Still, the slower than usual heartbeat, and the fact that the baby measured
almost a week and a half behind where it should left me with an ominous
feeling. They scheduled another ultrasound for a week-and-a-half later and sent
me home.
Just as a mother is the first to know of her baby’s existence,
I believe that I knew almost immediately when that little flicker of a
heartbeat officially stopped beating. I didn’t feel pregnant anymore, even
though I had had no more outward signs that that was the case. We waited
several more days for the follow up ultrasound, but when they went to look for
the heartbeat, the tech turned the screen away from us, and I knew that the
baby was gone. I should have been eight weeks pregnant.
First, I was consumed with guilt. If only I had been patient
and waited to thin the hostas, I might not have caused the bruising on my
uterus. (My midwife assured me that the bruise was there from conception, and
nothing that I could have done would have changed the outcome.) Then there were
the days that I stayed in bed, unwilling to face the rest of the world,
especially the people I felt that I had somehow let down by miscarrying this
baby.
Knowing that I needed to return to normal life, I decided
one day to go do some early Christmas shopping. I love the Christmas season,
and I thought that the decorations and the atmosphere might help snap me out of
the funk I was experiencing. I was looking through the ornament section at a
local department store when I came across the “Baby’s First Christmas”
ornaments. I fled the store, half-blinded by tears and drove home.
One night, R asked me to read the book “Horton Hears a Who”
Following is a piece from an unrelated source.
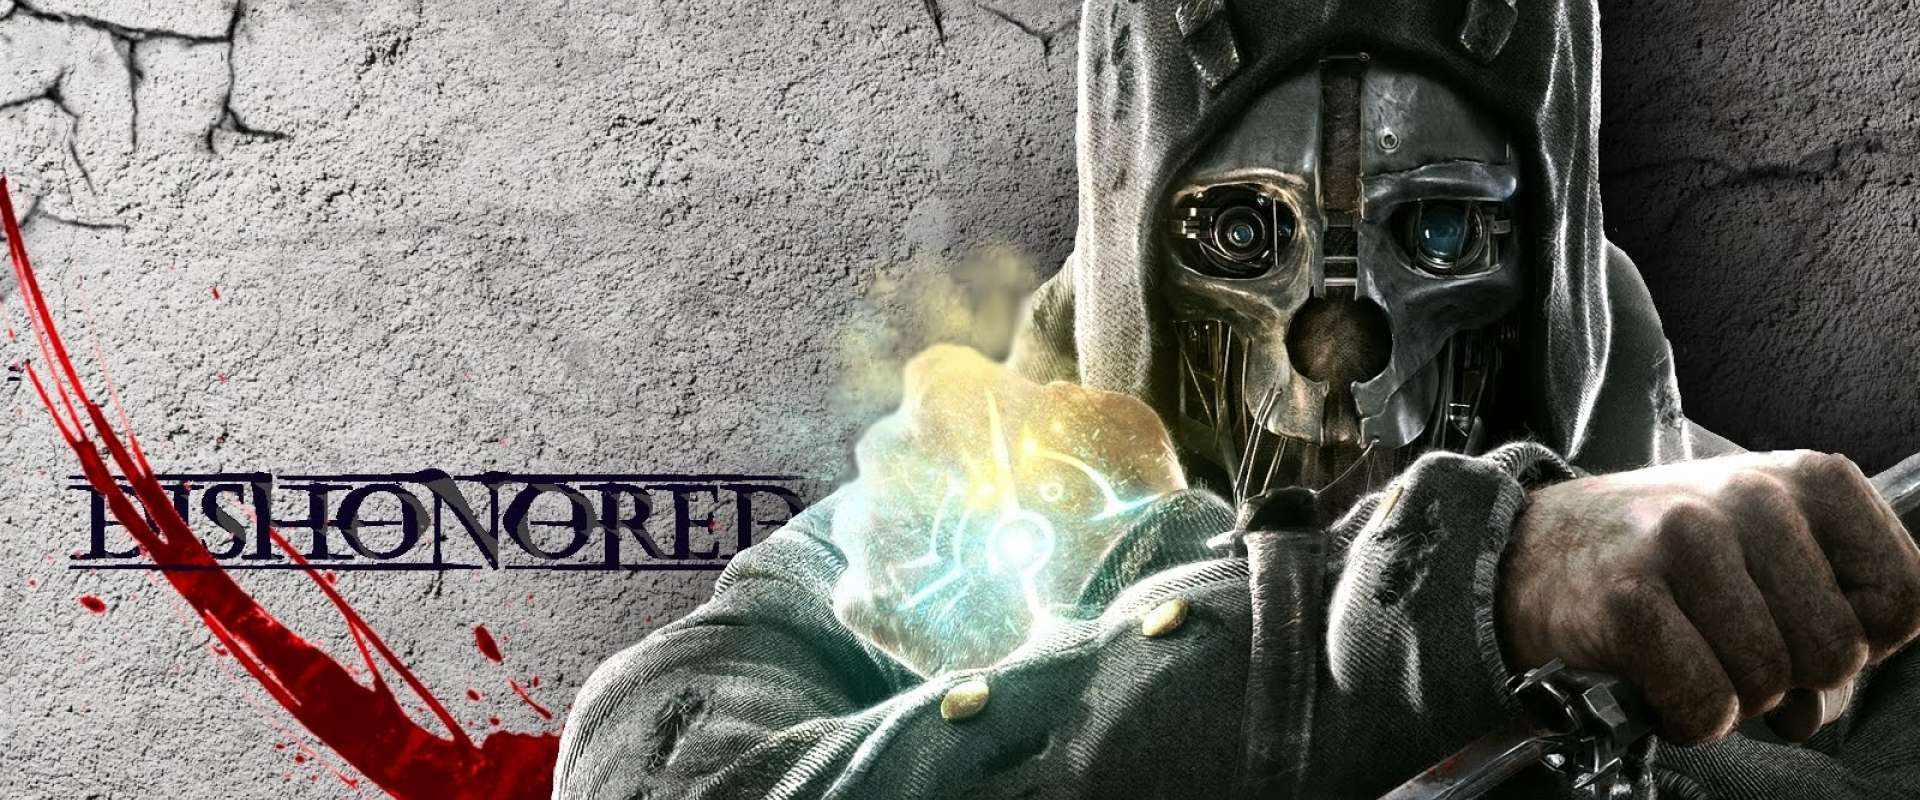 Os códigos dos cofres - Dishonored - Tribo Gamer

before bedtime. It was a book we had read a hundred times. Horton the Elephant
discovers a microscopic world of tiny people called the Whos, and he saves them
from certain destruction. There’s a line in the book that reads, “A person’s a
person, no matter how small.” When we reached that line, J had to take over and
put R to bed that night.
Although we told few people outside of our families and a
couple of very close friends, I confided in a friend and colleague at work. His
wife had had a miscarriage between the births of their son and daughter many
years before. He shared with me how difficult the experience had been on them,
especially her. And then he said something that, although I couldn’t fully
appreciate the message in the moment, stuck with me for many months. In
retrospect, it was probably the most sage advice given to me during that time
period.
What he told me was this: “Looking back now, I know that
without what happened to us, even though it was so difficult, I wouldn’t have
my daughter or my grandchildren. I might have a different child and different
grandchildren, but not exactly these ones, and I can’t imagine my life without
them.”
K was conceived a few months later, and when I look at her
today, I find it impossible to think about my life without her. My sassy girl
with innocent blue eyes and full, pouty lips, her blonde curls cascading down
the back of her sweet baby neck. The bossy way she reminds everyone to put
their coat on before going outside, and how she must identify every person she
knows in a photograph before she can move on. What would my life be like
without her raspy little voice singing along to “I Love You a Bushel and a
Peck” or finishing each line in the Madeline books?
As the months went on, and I confided in more friends and
family members, I realized how common miscarriage is, and how many of us had silently
gone through the cycle of joy, hope, fear, disappointment and sorrow. I
wondered why this wasn’t a topic more widely discussed among women. There are
few things worse than feeling alone.
The baby we lost would have been three this May, and even
though the hosta-side of the house can still put me in a melancholy mood, and I
sometimes wonder whether it was a boy or a girl and what he or she might have
been like, I know that if I had been spared the pain of experiencing
miscarriage, I would also have missed the elation of being K’s momma. In a
roundabout way, I feel gratitude toward that tiny person the rest of the world
never got to know, but who for six short weeks lived under my heart, and who will
live for the rest of my life inside of it.